Somehow I'm doing a lot of waiting for coffee gear at the moment. Also currently 3 weeks in to a fairly long wait for a 9barista. Still the best things come to those who wait. And I'm confident that the arco will at least be on a par with other quality hand grinders and I like the concept...


----------



## profesor_historia (Sep 1, 2020)

Mike B said:


> Somehow I'm doing a lot of waiting for coffee gear at the moment. Also currently 3 weeks in to a fairly long wait for a 9barista. Still the best things come to those who wait. And I'm confident that the arco will at least be on a par with other quality hand grinders and I like the concept...

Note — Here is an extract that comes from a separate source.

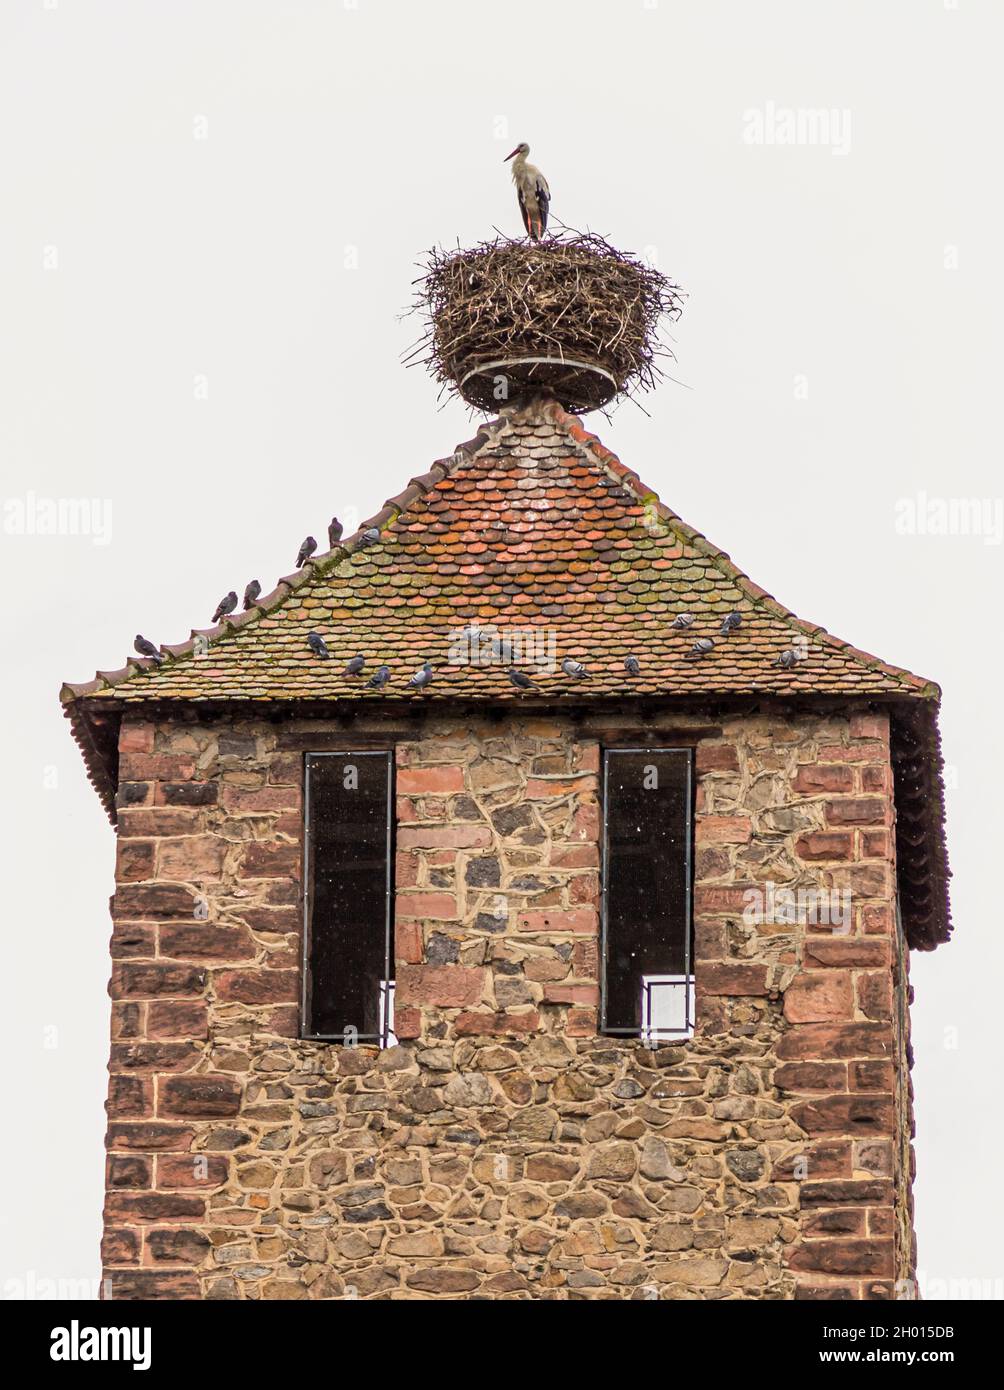 Stork and doves on the Kessler Tower in Kaysersberg, France Stock Photo

To be honest I am very happy if for the special price I paid it will be as good as a JX Pro or Comandante. I took advantage of the special price and will receive a complete one plus a manual one, my idea is to use the electric one for espresso and the other manual one for filters so I don't have to continuously dial in.


----------



## Kyle T (Jan 6, 2016)

I've back this too on Kickstarter. Think it worked out to £260ish with delivery. Looking forward to it, I personally think it looks great. I'm gonna put it up against my Niche and see what's best. There's a YouTube video Goat Story put out showing the machine running and grinding for filter coffee manually by hand and then switching to electric to grind for espresso.


----------



## Rincewind (Aug 25, 2020)

ooow 2-in-1 ....will be interesting to hear what peole have to say once they've tested it :classic_smile:


----------



## profesor_historia (Sep 1, 2020)

@DavecUK I am curious whether you have plans for a review or if they will send you a unit? Thank you


----------



## DavecUK (Aug 6, 2013)

profesor_historia said:


> @DavecUK I am curious whether you have plans for a review or if they will send you a unit? Thank you


 I don't actually contact companies myself... and no one from their company has contacted me.... So no, I won't be doing a review.

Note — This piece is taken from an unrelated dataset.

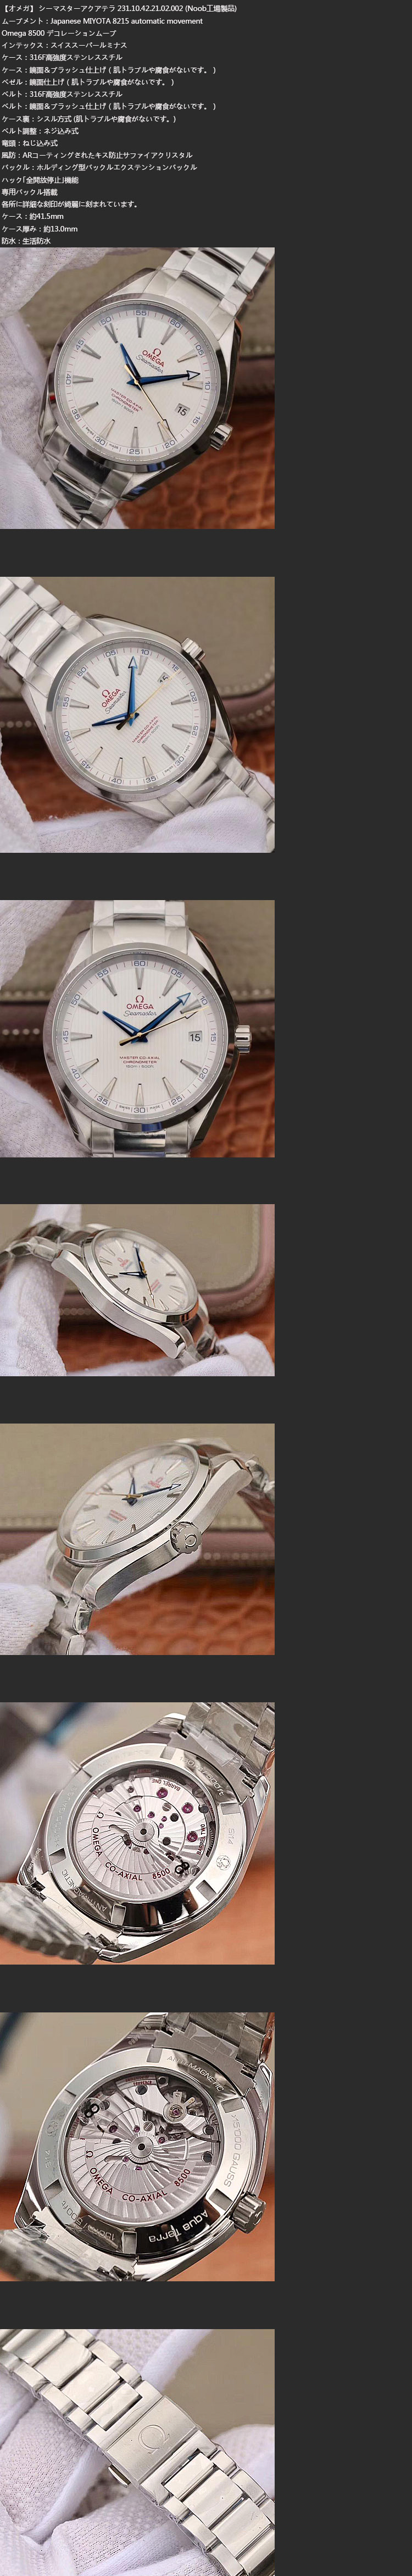 オメガ腕時計の説明

Interestingly they already have all the money they need...have launched the product, why would they want a review, it's not like they are testing or going to change anything based on what I say. Process is well underway. Niche got to me a long time *before *they went to Indeigogo for funding.

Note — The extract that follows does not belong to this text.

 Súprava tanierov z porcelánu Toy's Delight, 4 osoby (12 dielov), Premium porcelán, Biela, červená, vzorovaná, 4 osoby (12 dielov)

It's a pity because it would have been quite interesting to do one..


----------



## jonr2 (Jan 6, 2021)

DavecUK said:


> I don't actually contact companies myself... and no one from their company has contacted me.... So no, I won't be doing a review.
> 
> Interestingly they already have all the money they need...have launched the product, why would they want a review, it's not like they are testing or going to change anything based on what I say. Process is well underway. Niche got to me a long time *before *they went to Indeigogo for funding.
> 
> It's a pity because it would have been quite interesting to do one..


 i do hope you get the chance to do a review - i know i have found your reviews (written and filmed) incredibly valuable.

What i particularly like about this product and also with Niche is that they are trying to solve consumer problems to make them more accessible to the beginner.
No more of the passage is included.